EXERCISE GOAL: Write out the line with "BMW SERIE 2" and every later line through the end of the data below, exactly as given, with no pictures in the copy.

(DATA SEGMENT Opens)

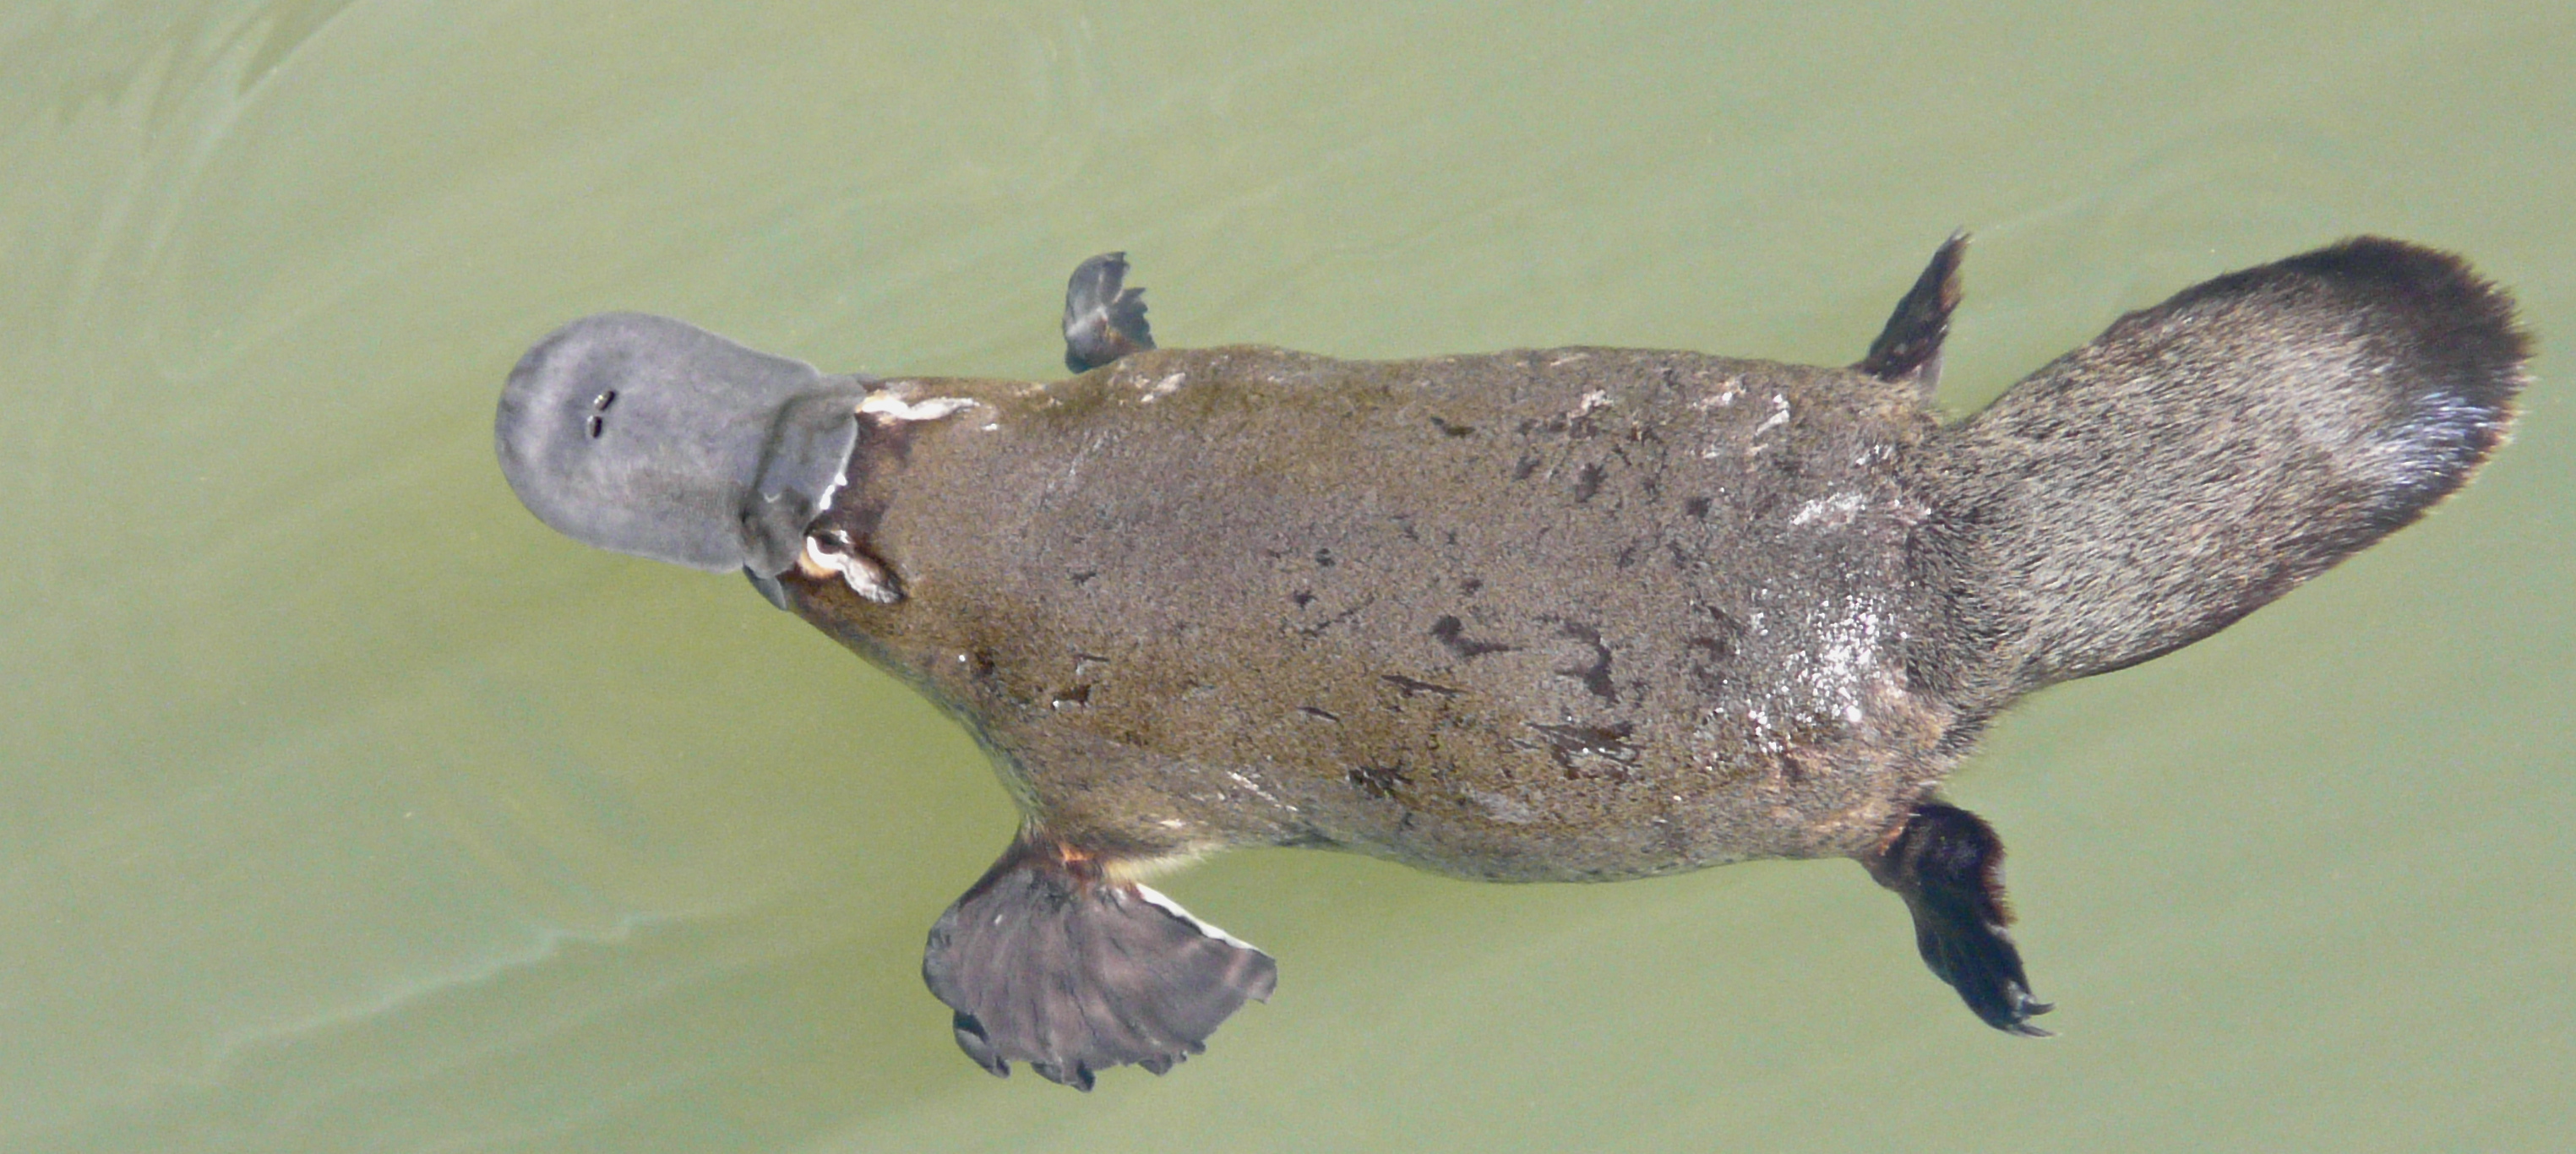 platypus in water
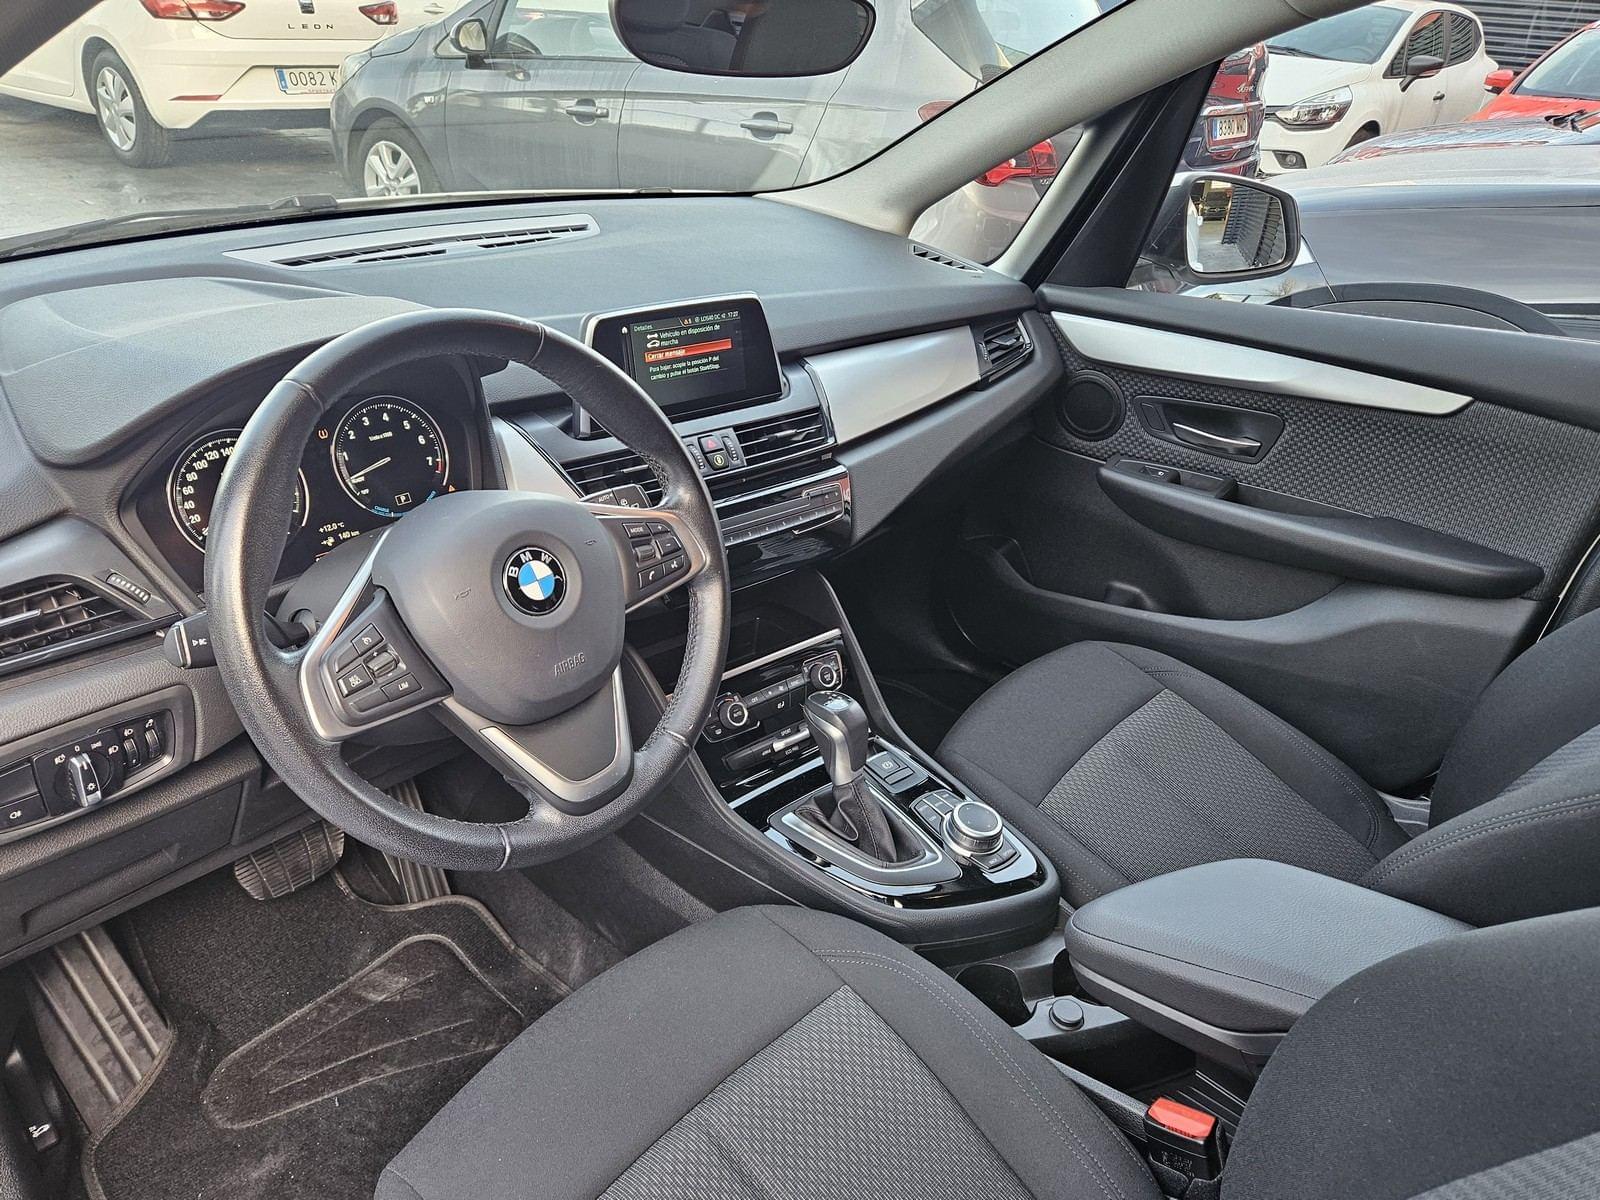 BMW SERIE 2 ACTIVE TOURER 225 XE IPERFORMANCE 1.5 135 CV AT6 E6DT 6 
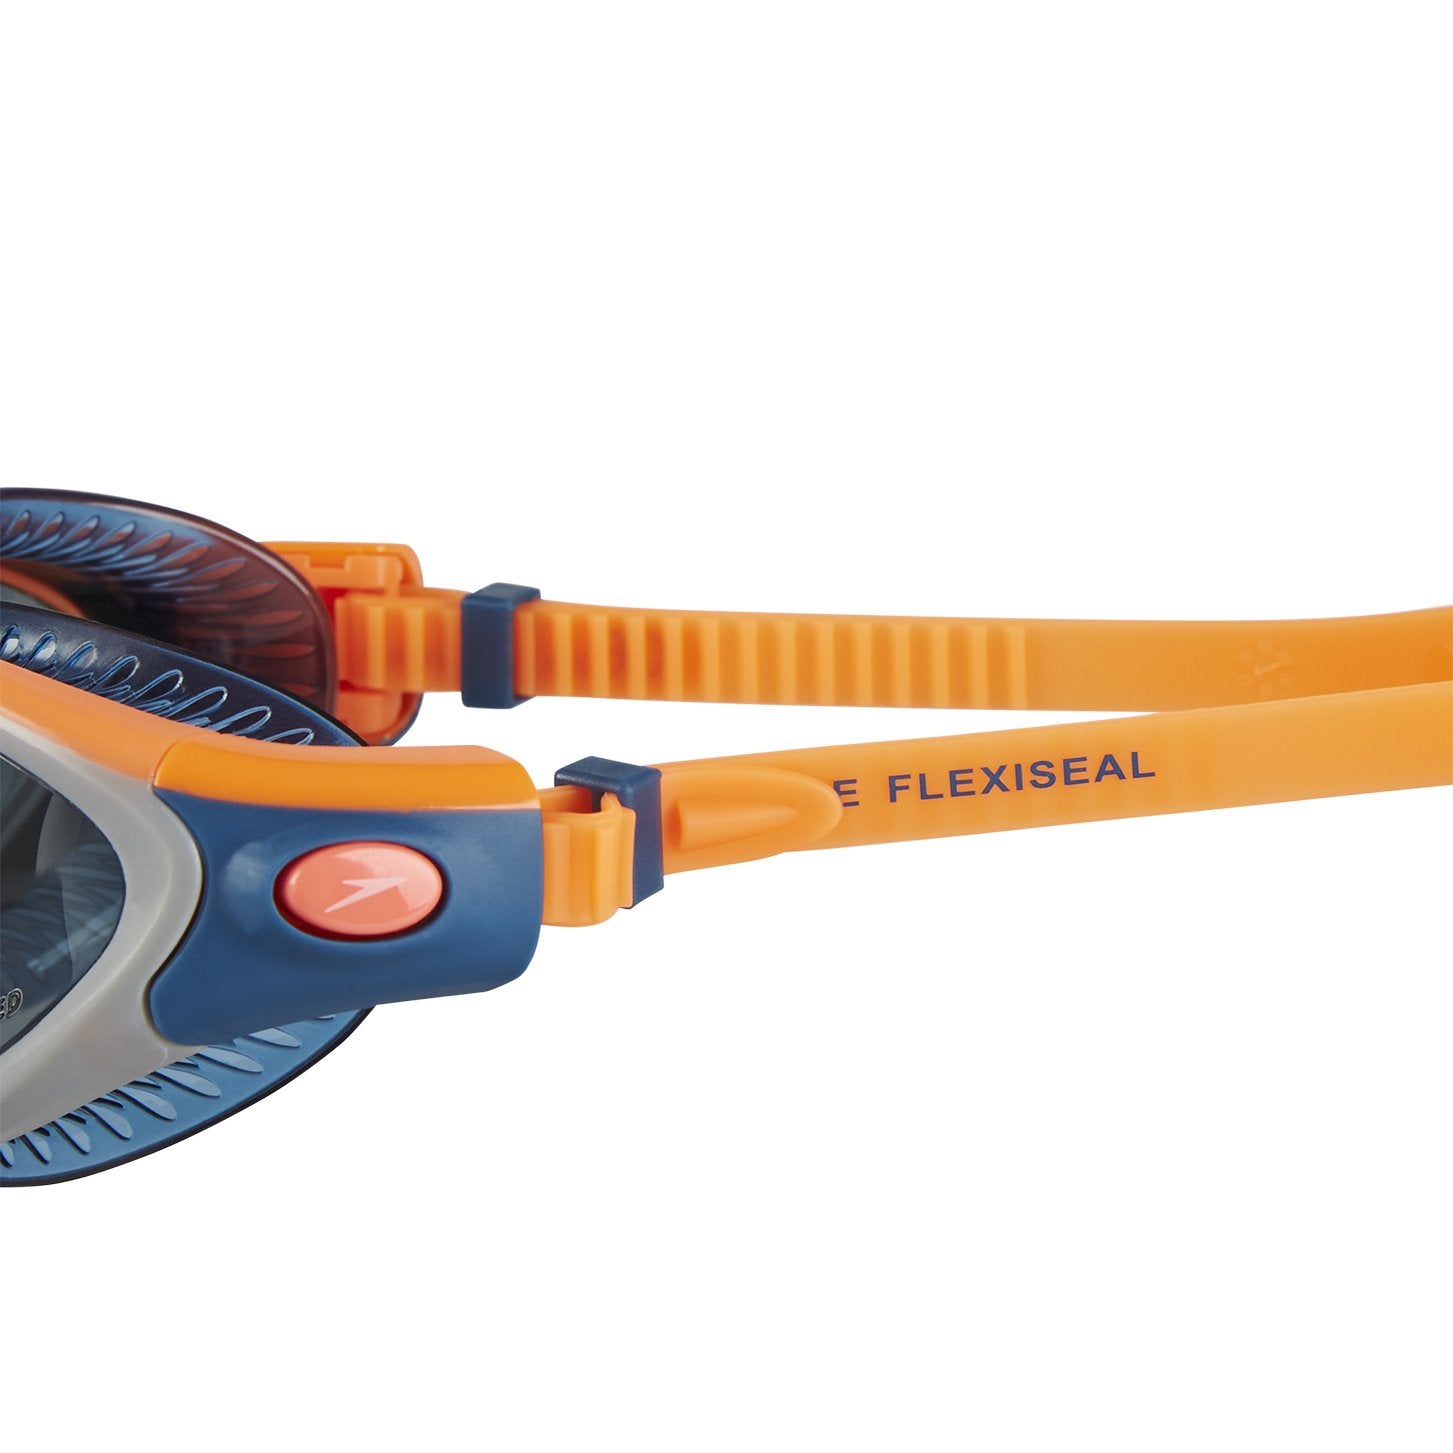 Speedo 811257B986 Blend Futura Biofuse Fseal Tri Goggle, Adult (Orange)/Smoke - Best Price online Prokicksports.com

(DATA SEGMENT Closes)

THE COMPLETED TASK:
 BMW SERIE 2 ACTIVE TOURER 225 XE IPERFORMANCE 1.5 135 CV AT6 E6DT 6 
 Speedo 811257B986 Blend Futura Biofuse Fseal Tri Goggle, Adult (Orange)/Smoke - Best Price online Prokicksports.com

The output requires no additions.